### WHAT THE EXERCISE ASKS
Drop the pictures; give again exactly the lines from the one holding "美丽水城威尼斯风景图片" through the end of the data.
•••
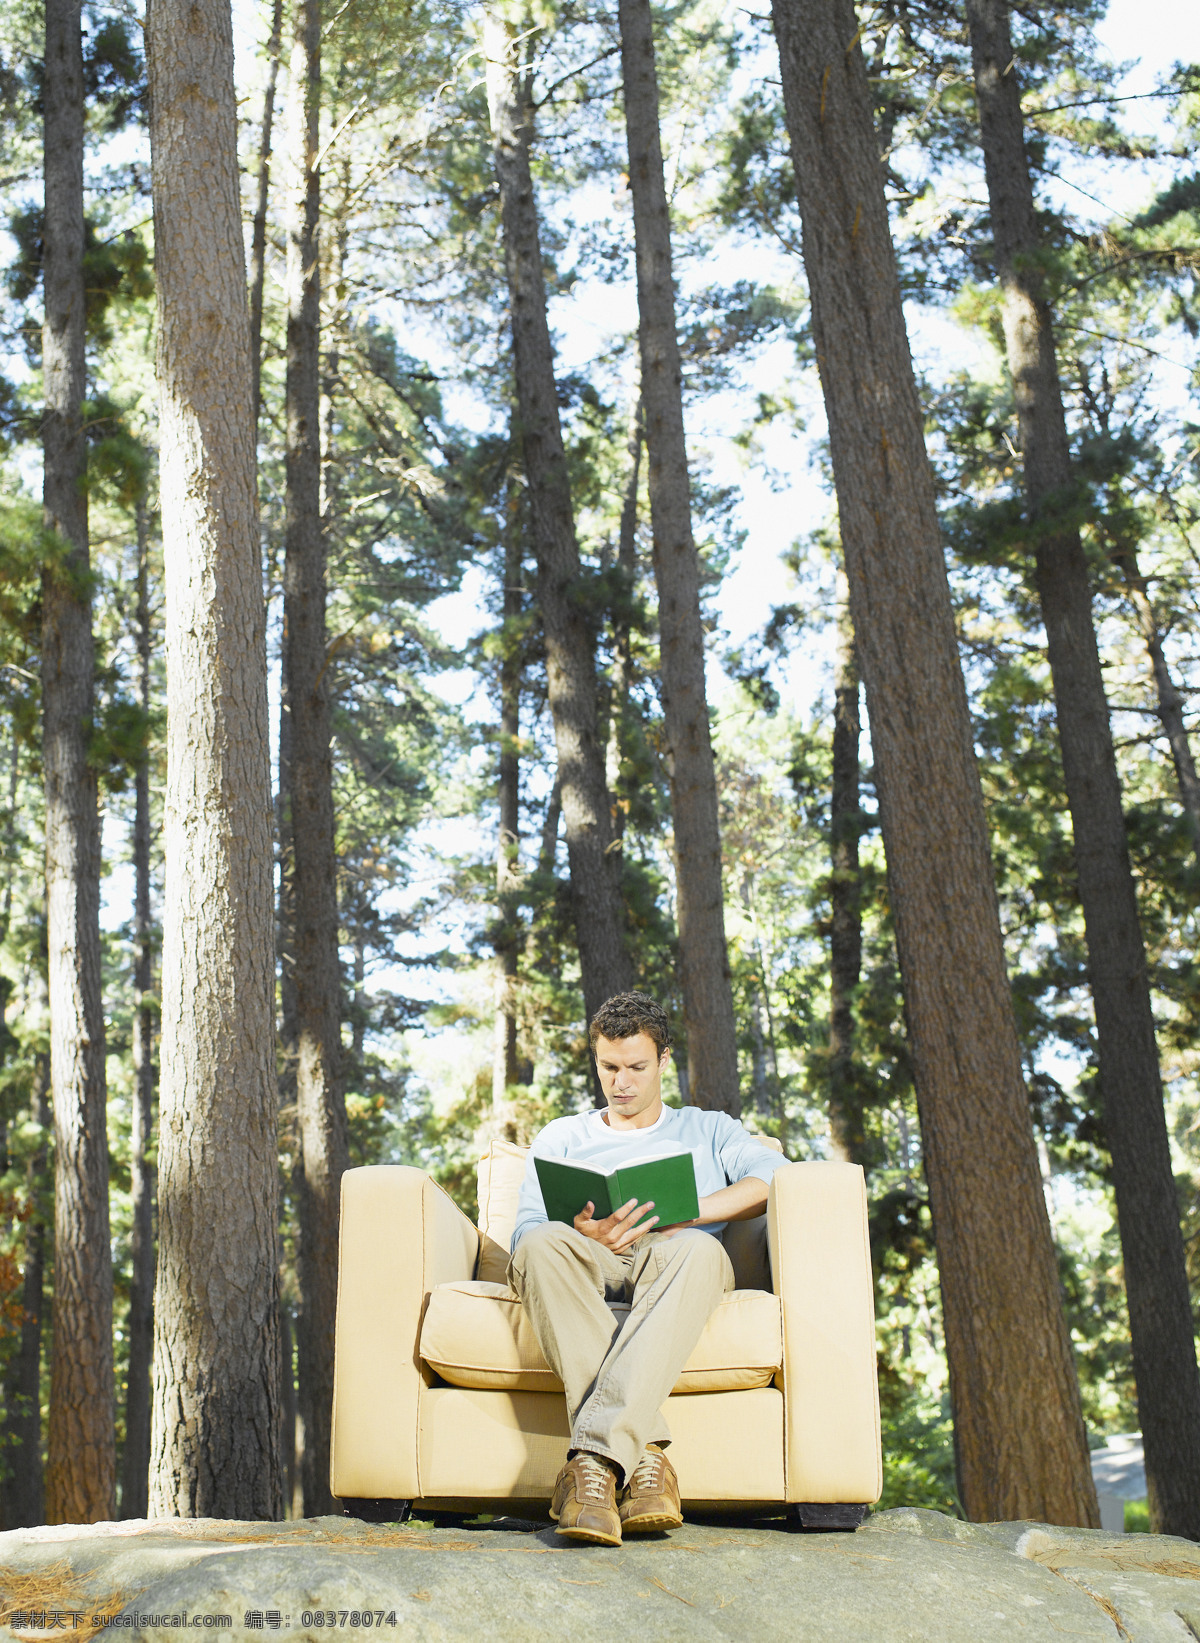 坐在 沙发 上 看书 男人 户外 户外生活 人物 树林 自然 好环境 专注 书籍 生活人物 人物图片
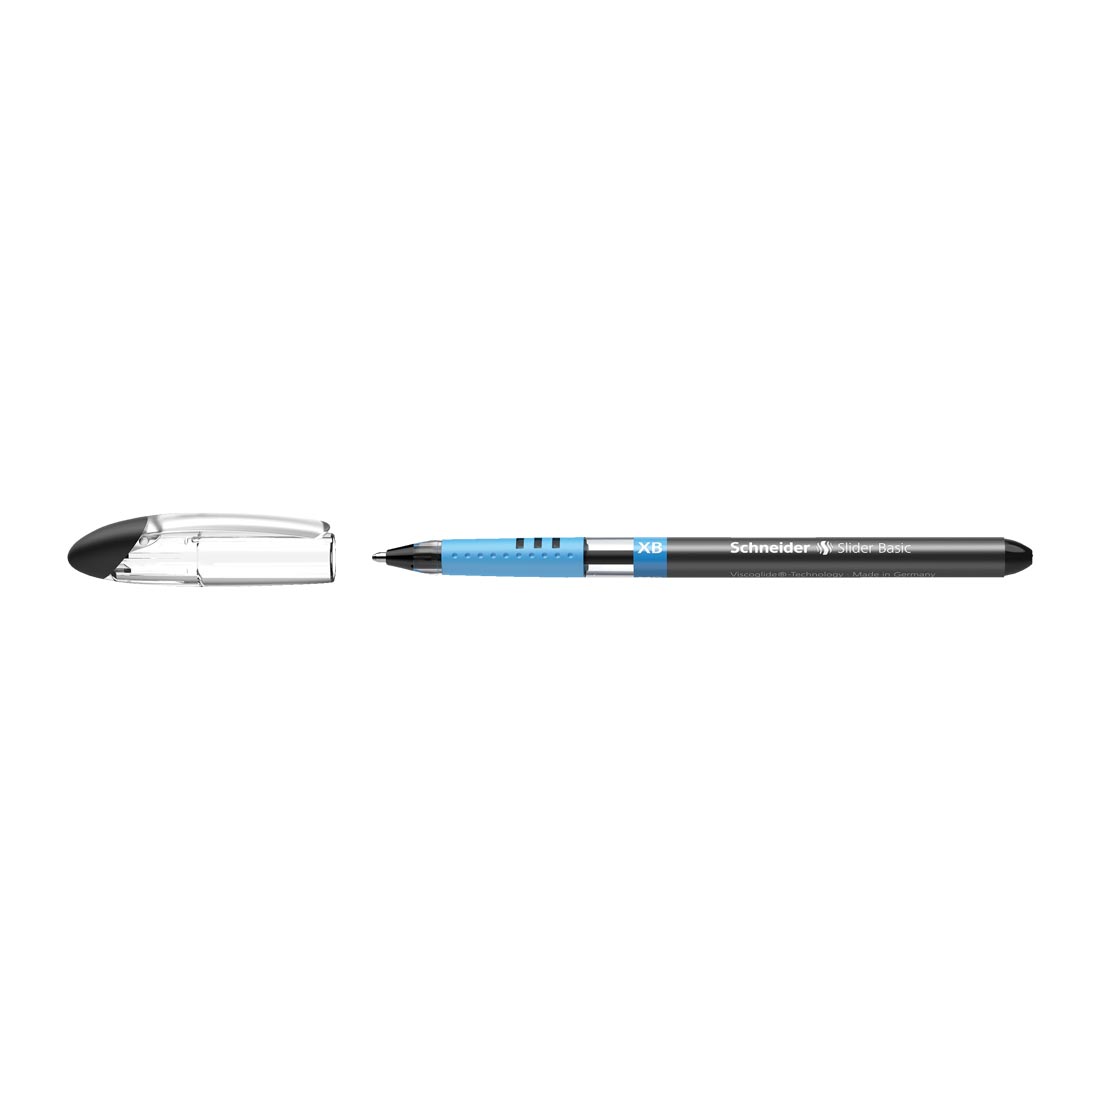 Slider BASIC Ballpoint Pen XB, Box of 10#ink-color_black
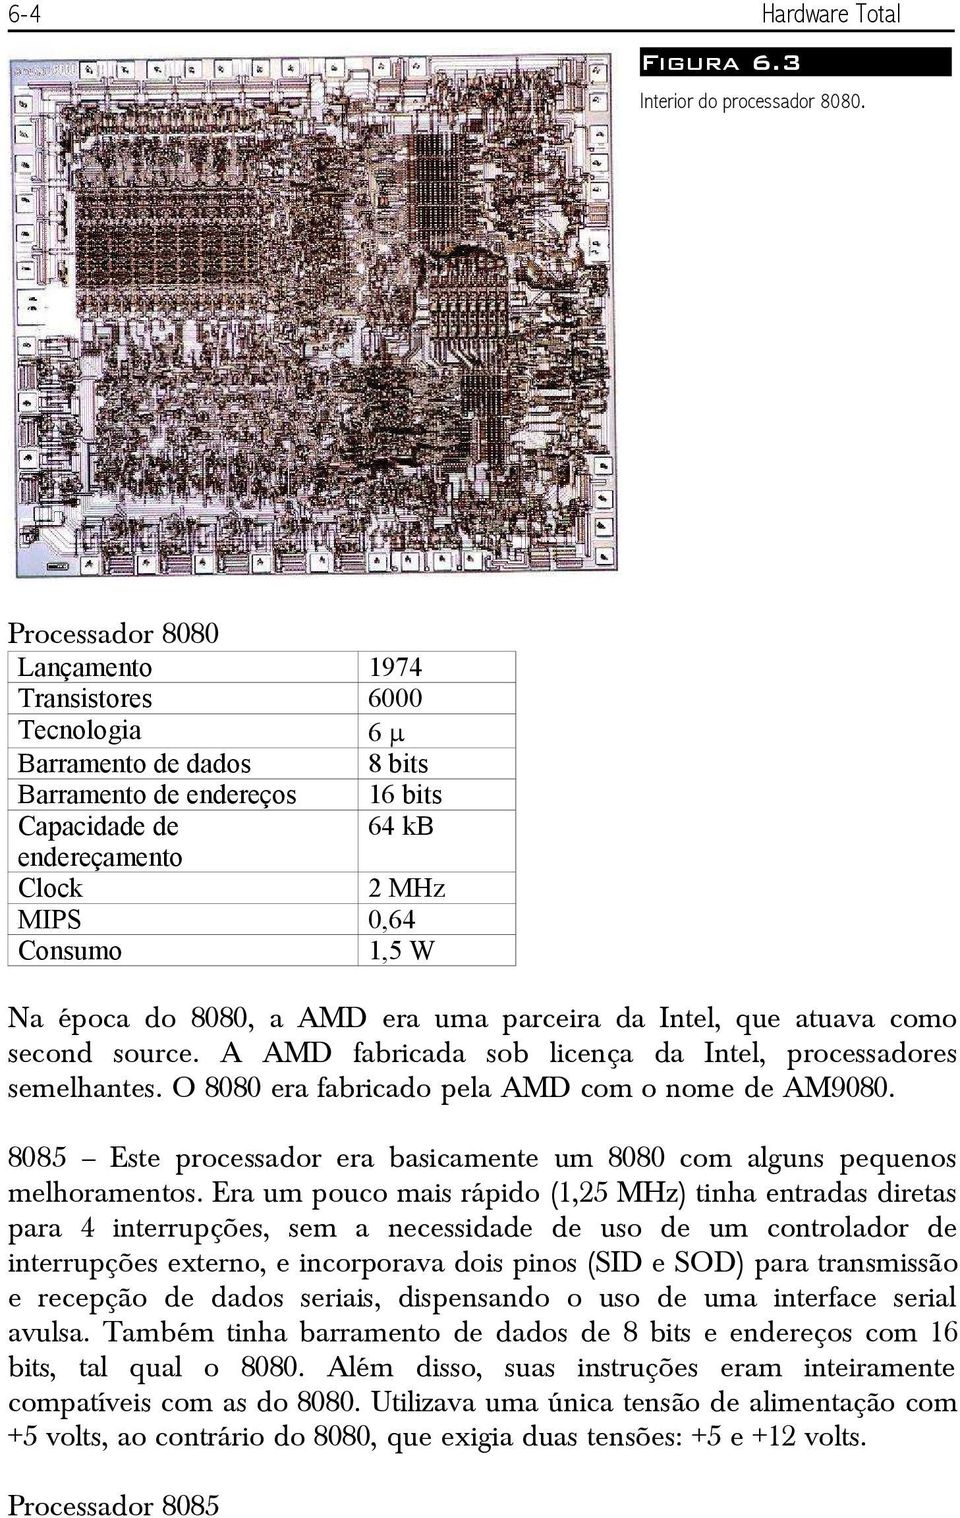 época do 8080, a AMD era uma parceira da Intel, que atuava como second source. A AMD fabricada sob licença da Intel, processadores semelhantes. O 8080 era fabricado pela AMD com o nome de AM9080.
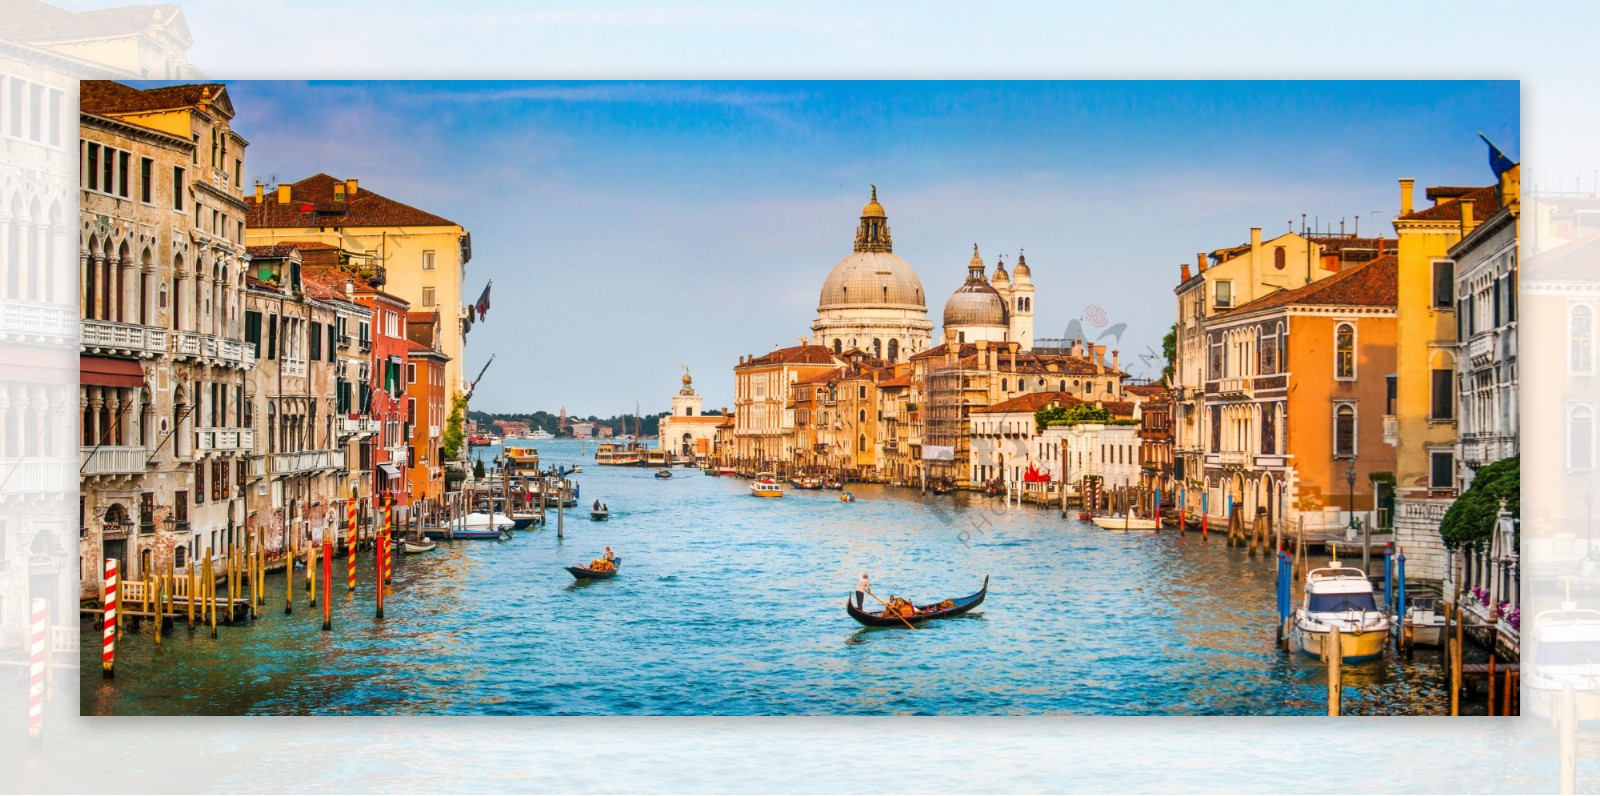 美丽水城威尼斯风景图片
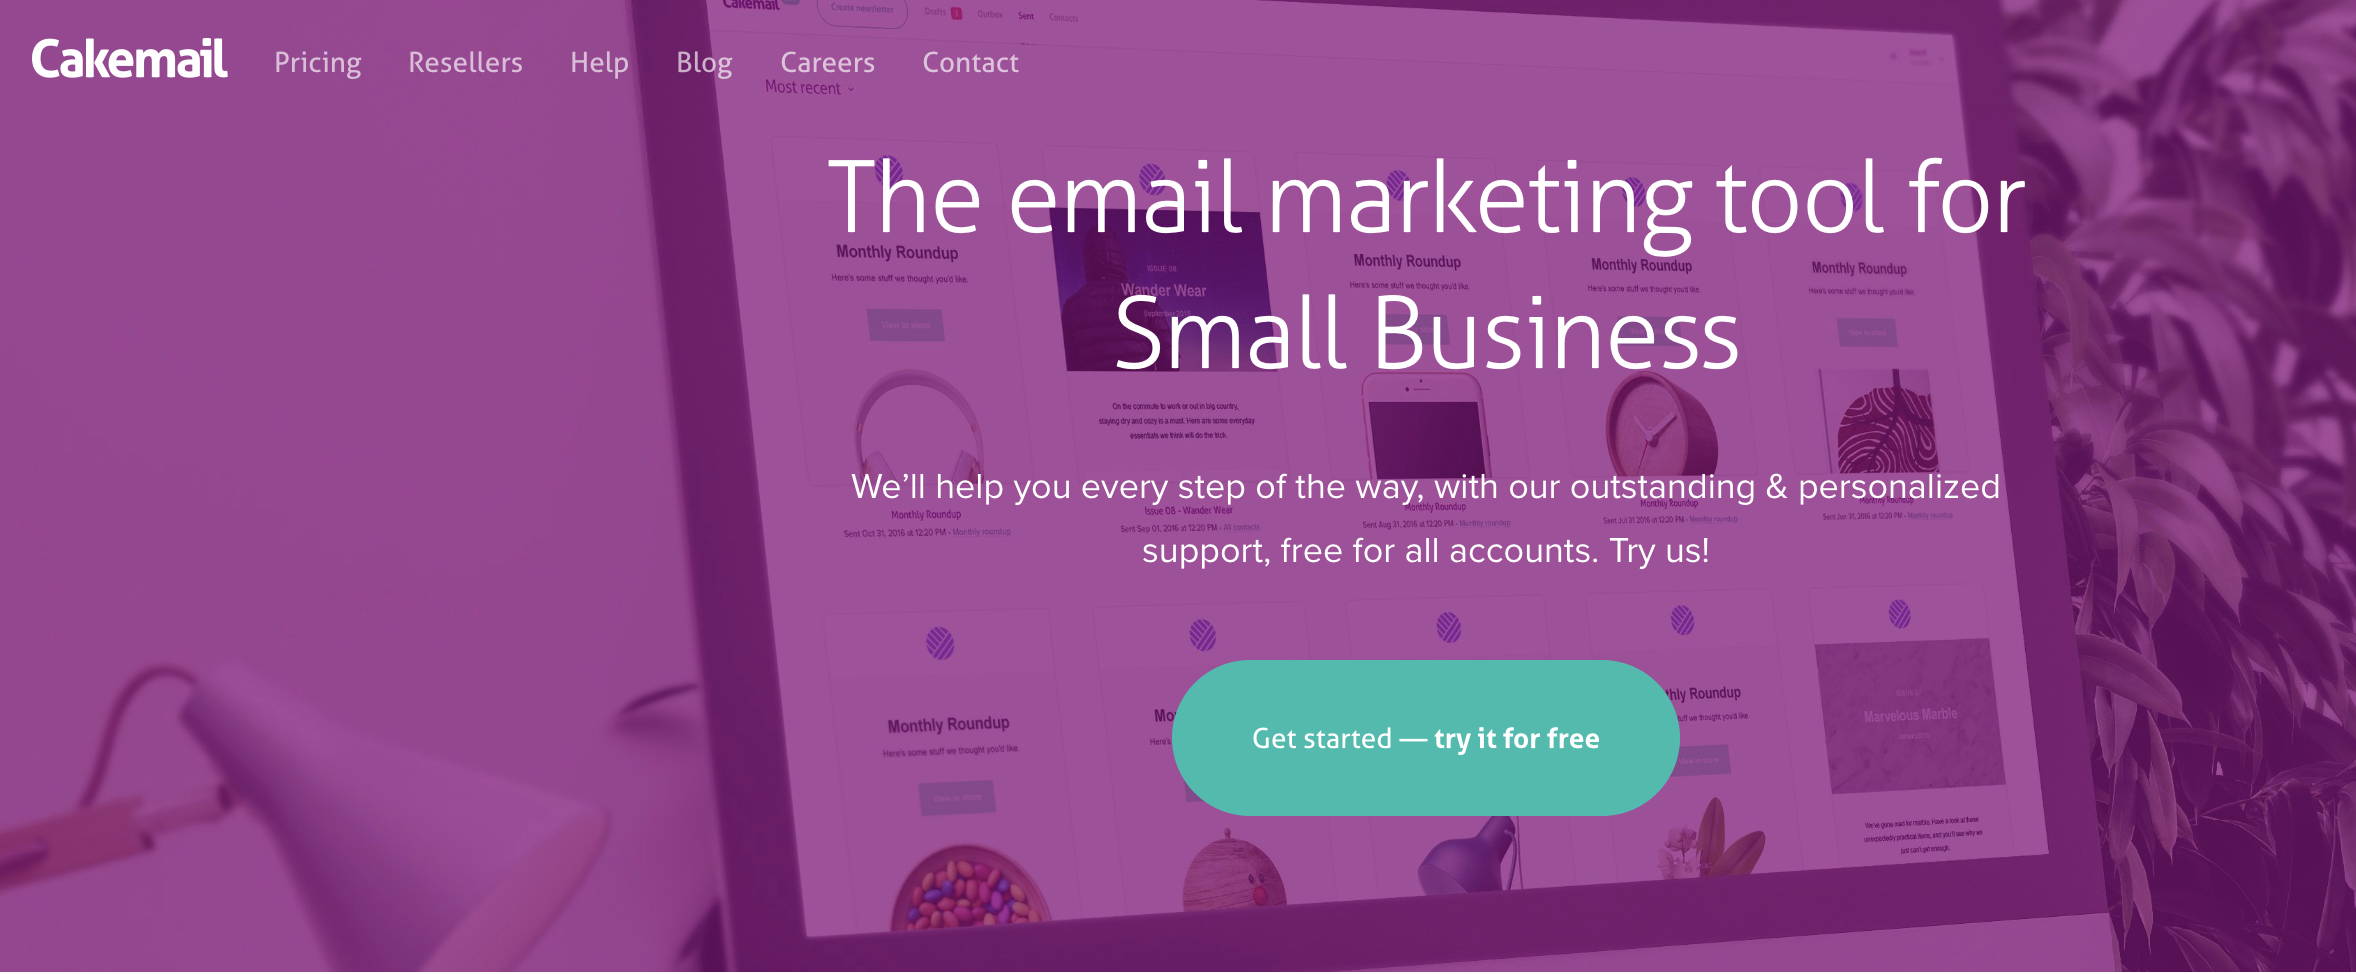 Cake Mail como exemplo de ferramenta grátis de email marketing
•••
### RESPONSE TO THIS EXERCISE
 美丽水城威尼斯风景图片
 Cake Mail como exemplo de ferramenta grátis de email marketing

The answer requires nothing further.